Don’t use status columns like “Testing” unless there’s a work in progress (WIP) limit that forces you to clear the column before bringing more work forward.

If you do have a status column, it’s better to spin it as a “ready for testing” column (without a WIP limit) because it will expose capacity problems.

Ask ourselves: Is there no other way we can represent status?

  • Card size differentiates stories and tasks
  • Card colour differentiates feature stories and tech stories
  • Symbols for work type differentiate design and code, front end and back end, etc.
  • Symbols for complexity indicate when it’s easier to do it than explain it

Explore these solutions to address problems specific to our team.

Add physical “flags” to cards to represent blockers. Leave flags on cards for the rest of the sprint so we can reference and discuss them in retrospective.

Other

Iterative development allows us to have time to do something about the “gaps”.

Scrum as a framework is the minimum — and you have to do the minimum.
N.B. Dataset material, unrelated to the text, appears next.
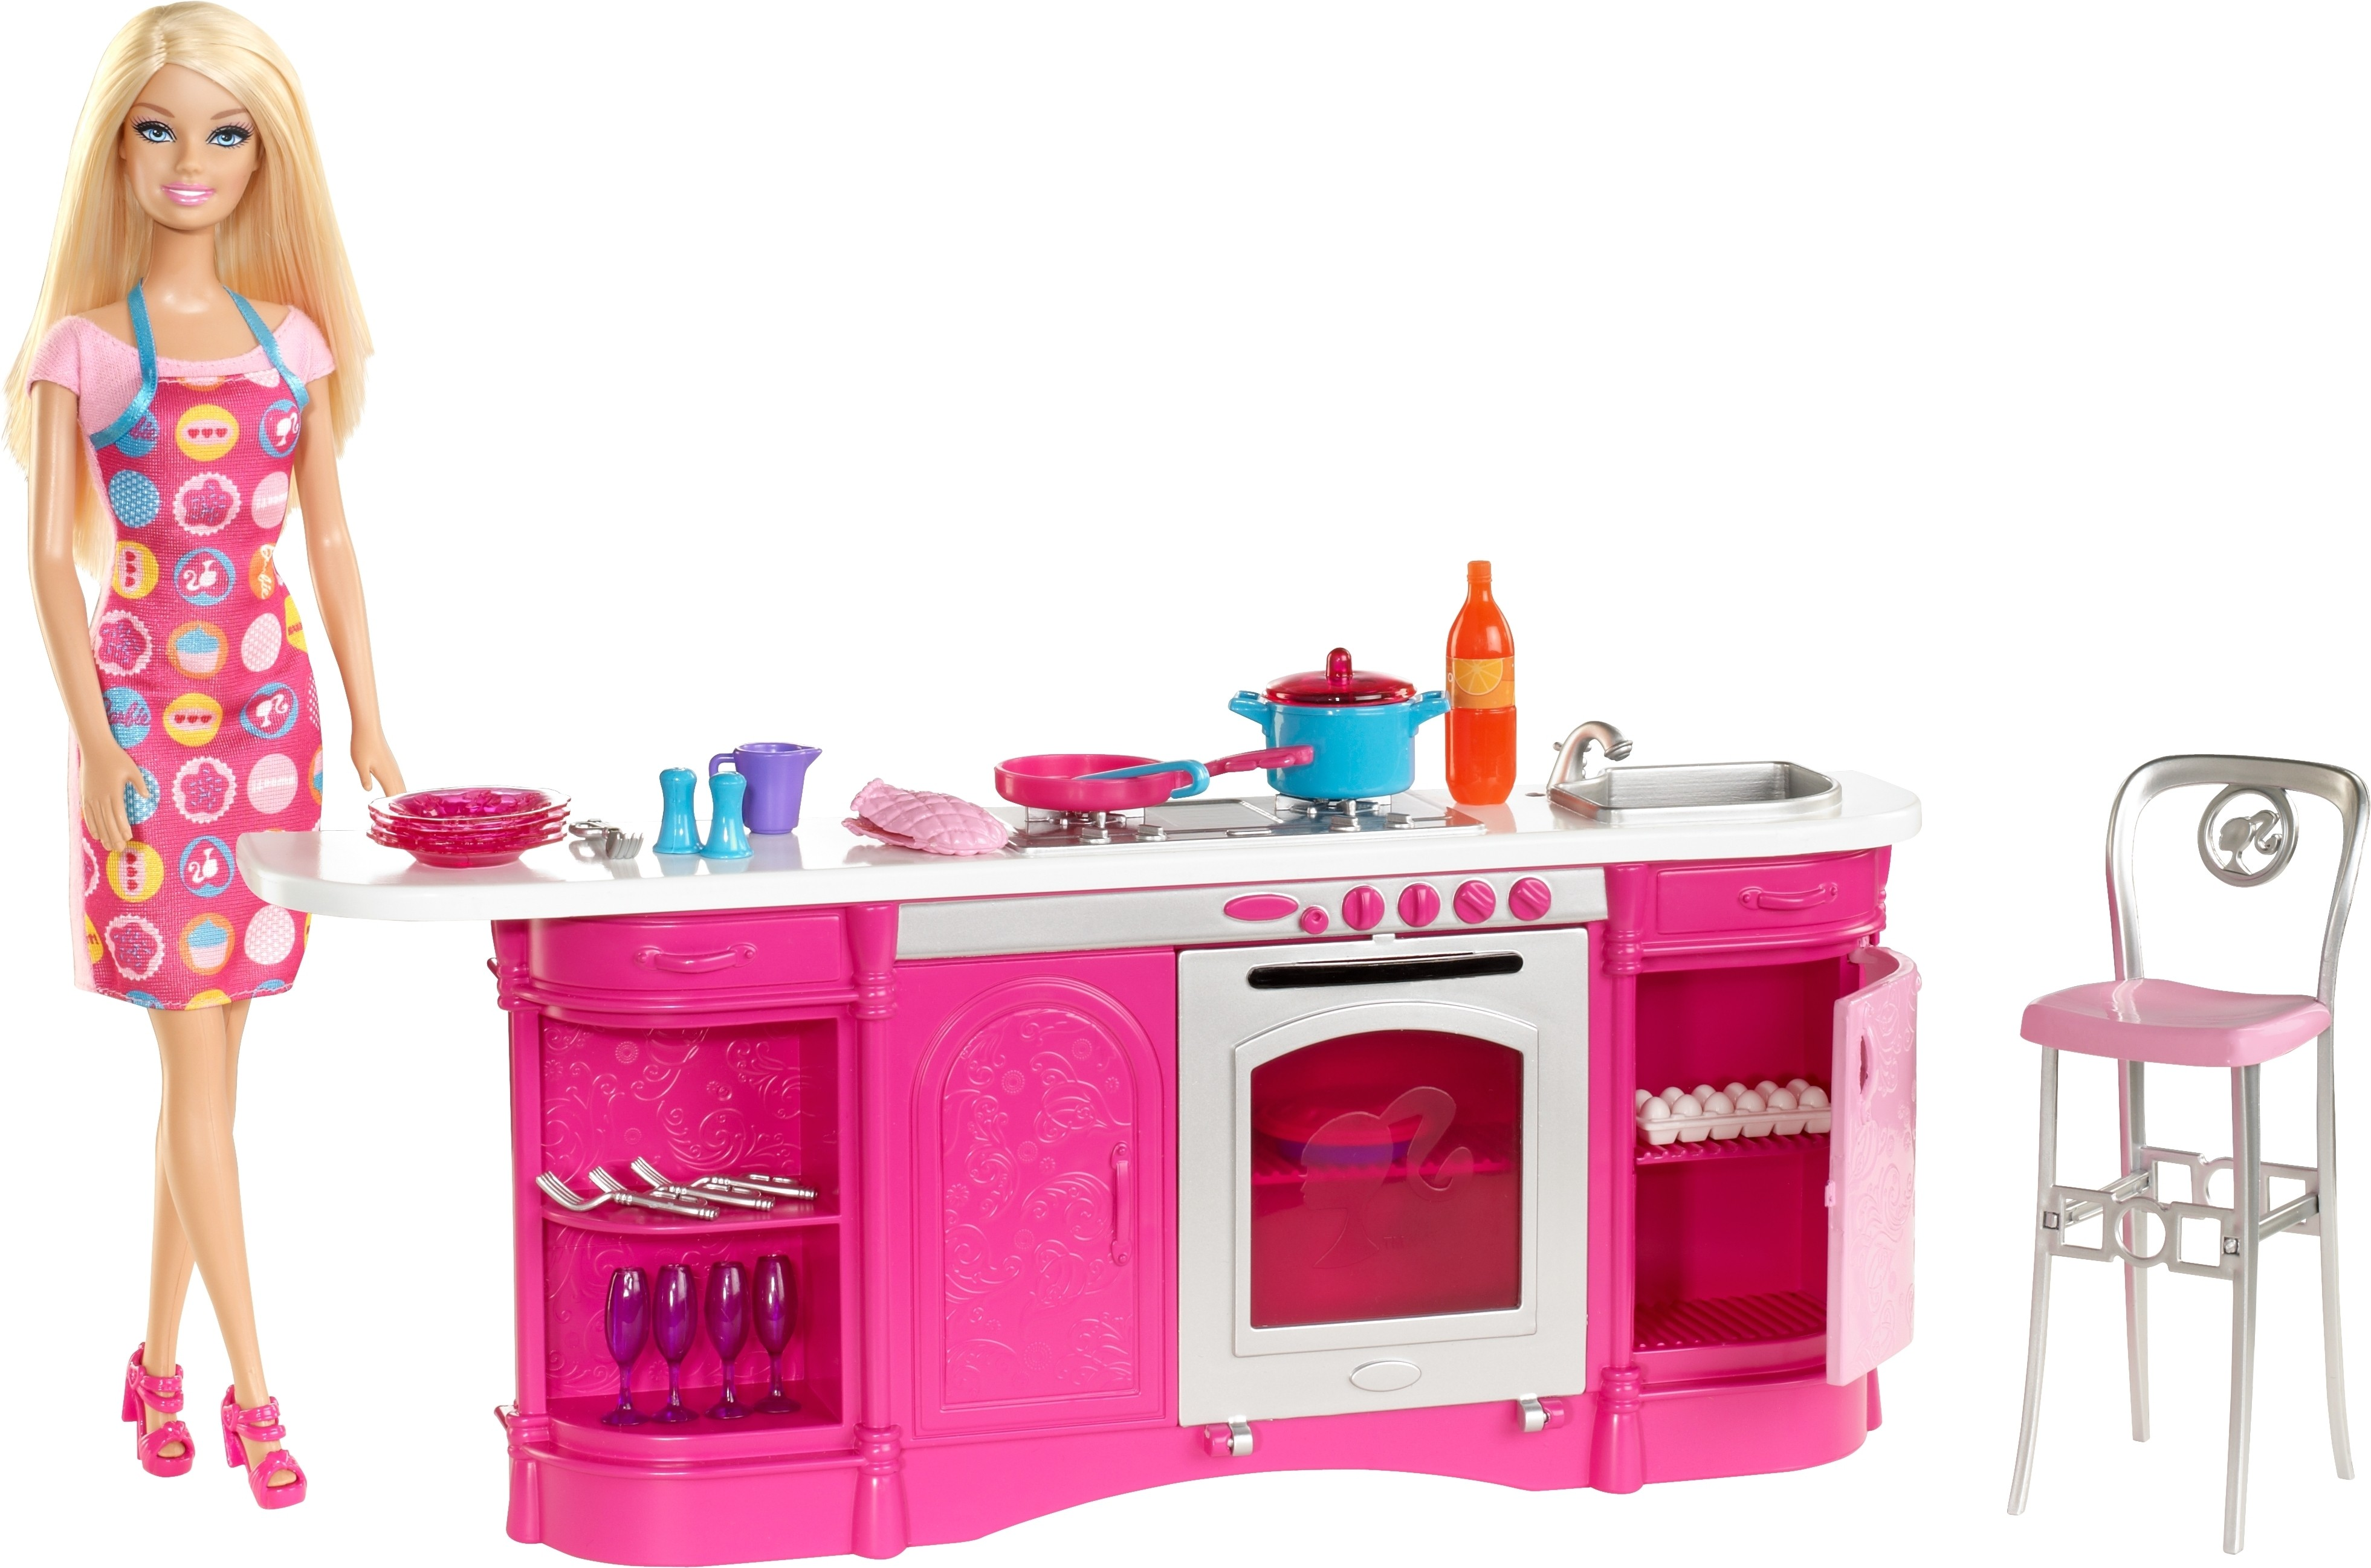 Barbie cooking fun kitchen cooking fun kitchen shop for Kitchen set doll
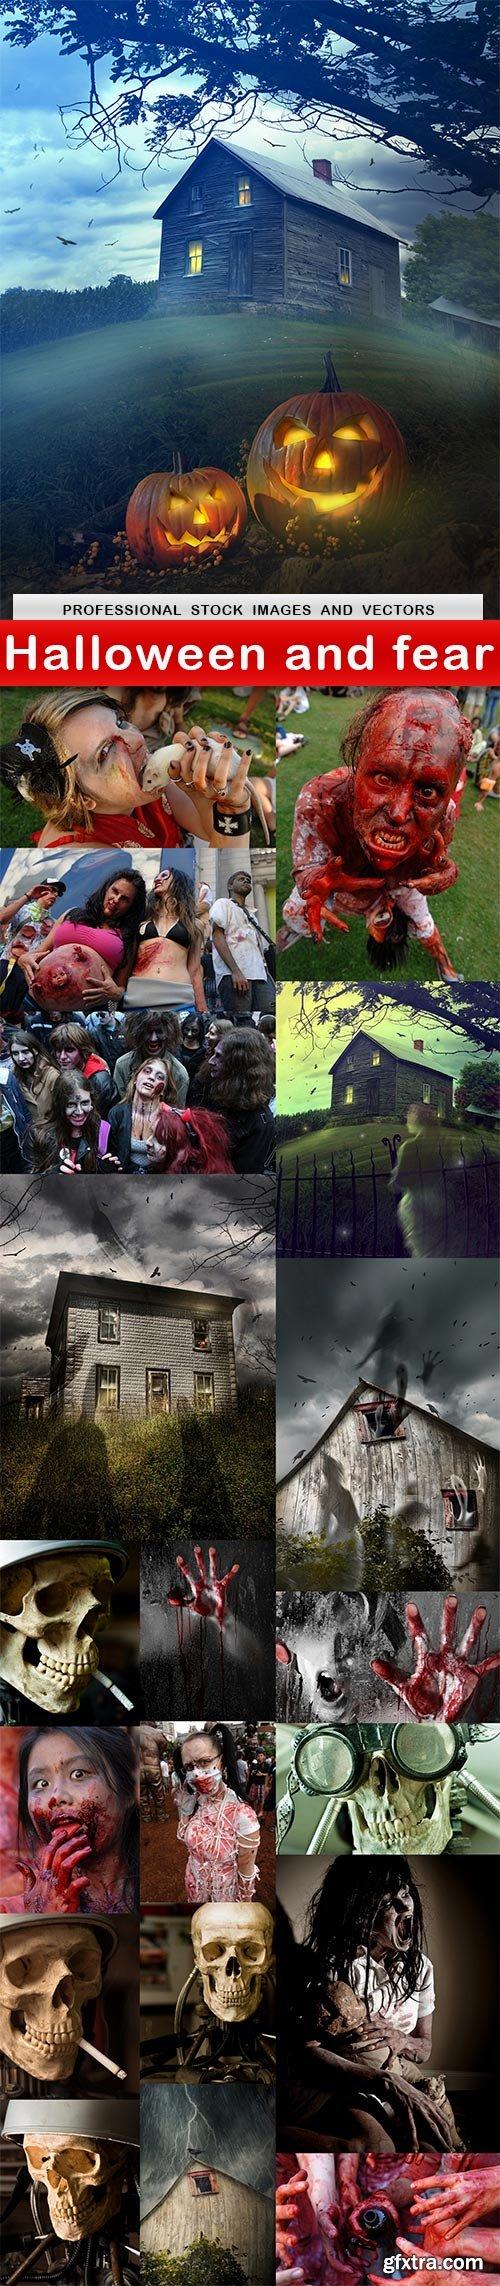 Halloween and fear - 20 UHQ JPEG

Plan, design, estimate, test: Listen to whether these words are used as nouns or verbs. The value is in the verbs.

Kniberg on marginal value

Kniberg on release trains and feature toggles:

  • “Unmerged code hides problems and increases technical debt.”
  • Easier to test integration
  • Easier to A/B test

“Resources” are people. If developers are resources, management is overhead.

There are only two answers:

  • Who is responsible for…? The team.
  • For everything else, it depends.

Flip the definition of done: After a sprint, what is not done? Make a list. It could include tests, documentation, training, integration… What would be awesome? What could we ship that we would be really proud of?

“Agile doesn’t have best practices. It has good practices in context.”